Now with the “must differentiate” clause, I partly agree with her.  Here are some realistic pros and cons:

First the Cons:  Each time you break up society into more parts or identities, you are creating more special interests and agendas, thereby introducing ever more conflicts of interest and problems that need resolving.  This can lead to insanity trying to deal with them all, and that is why we have laws against discriminating against race, creed, color, gender, ethnicity or veteran status.  When we come to work or go to school, isn’t it best practice to keep the blinders on with respect to that and treat others based on their merits, performance and behavior while taking any true disabilities into account?  Dr. Smith disagrees.  However a scholarly historian might see this “differentiating” mandate as a new “Divide and Conquer” strategy, building a movement of diverse groups, all with a Cultural Marxist interest in undermining our Western Culture and diminishing free speech for the current White Majority — the coalition of the aggrieved. The role of Whites in all this is to be guilty and step aside as all these other groups are promoted.

The Pros:  We do need to differentiate groups that historically masquerade under White identity when it benefits them (purposely placing their “out-group” in bad light) or when they get caught in a shameful event (thereby concealing recognition of their true “ingroup” from society).  These people embrace another identity completely when they meet in their organizations and their families or accept accolades.  For example: Leonardo DiCaprio, White European-American, was cast as the abominable and greedy Jordan Belfort of The Wolf of Wall Street (Belfort is Jewish and very explicitly depicted as Jewish in the autobiographical book version, but no one watching the movie would realize this with DiCaprio playing the lead);  and Donald Sterling, a.k.a. the Donald Tokowitz, owner of the L.A. Clippers was described in the media as a “White racist” after his racially tinged comments were caught on tape; or how about the current news where President Obama has nominated yet another “White” Supreme Court Justice, Merrick Garland.  Here, the media conveniently omits the fact that it would bring the 2% Jewish population to representing 45% of the highest court in our land — perhaps a bit of over-representation given that there is not one Protestant justice; and then there’s the famous American rabbi, Stephen Wise, who admitted in the 1938 that Jews are Jews first and foremost, saying in a speech: “I was a Jew before I was an American. I’ve been an American all my life, but I’ve been a Jew for 4,000 years”.

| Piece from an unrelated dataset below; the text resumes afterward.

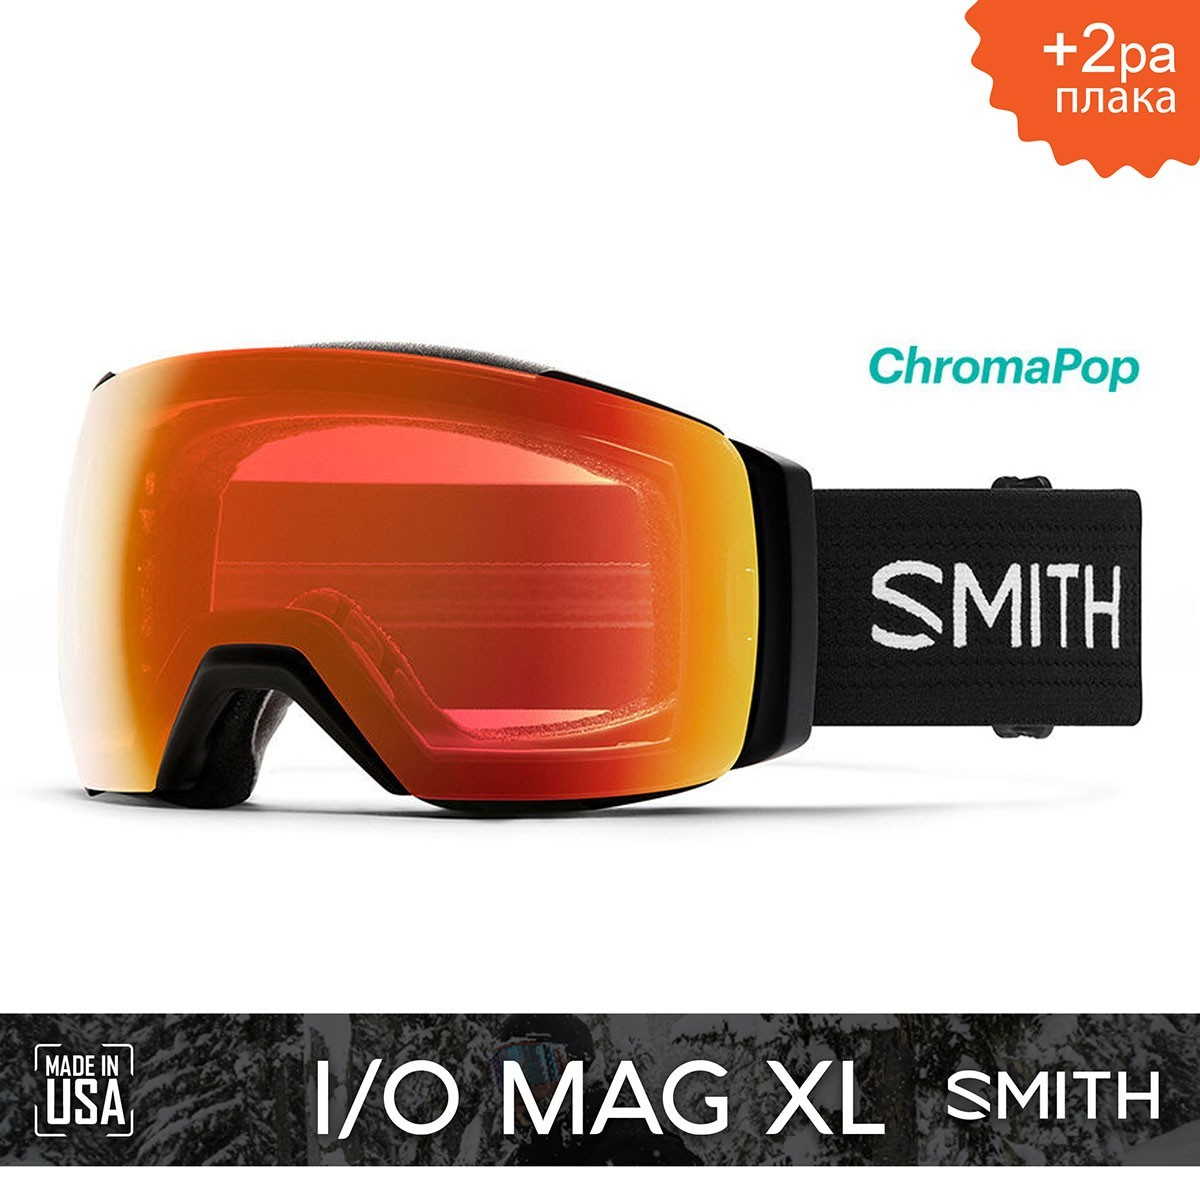 SMITH IO MAG XL black | S2 CHROMAPOP Everyday Red Mirror - Изображение - AQUAMATRIX

Professor Smith made much of the history of our country being a reason for not allowing a fresh start with a centered pendulum.  So maybe it’s time to restudy all those White people in the history books, to really scrutinize those who have enabled radical change, advocated and financed the movement against the basic foundations of Western culture, or those who’ve lobbied in Congress not to have their true identities distinguished in censuses as other than White Caucasian … and to see, perhaps, where their identity and agenda might be leading?  Apply some differentiation to current affairs and you’ll find that it is not Whites that are privileged.

Not permitting the special interests of organized White people to be recognized is oppressive racism. Shouldn’t Whites organize as Whites, not to engage in self-flagellation about the past, but to assert their very real interests in the present, such as shaping immigration policy in their interests just as every other group does?  Inclusiveness in Dr. Smith’s world is exclusive of Whites.  This is fraud on her part.   And unless we navigate the true inequities and fallacies in the imperative for greater diversity, then we may be in dire straits … as Dr. Daryl Smith’s strategies are being readily accepted, promoted and institutionalized at present, and not just in academia.

There is much beauty in the human diversity of our natural world, but it is truly sad that there may be a day in our distant future where it is not so much seen, thanks to the imperative of professors like Dr. Daryl G. Smith and those at the top who enable her power to make change.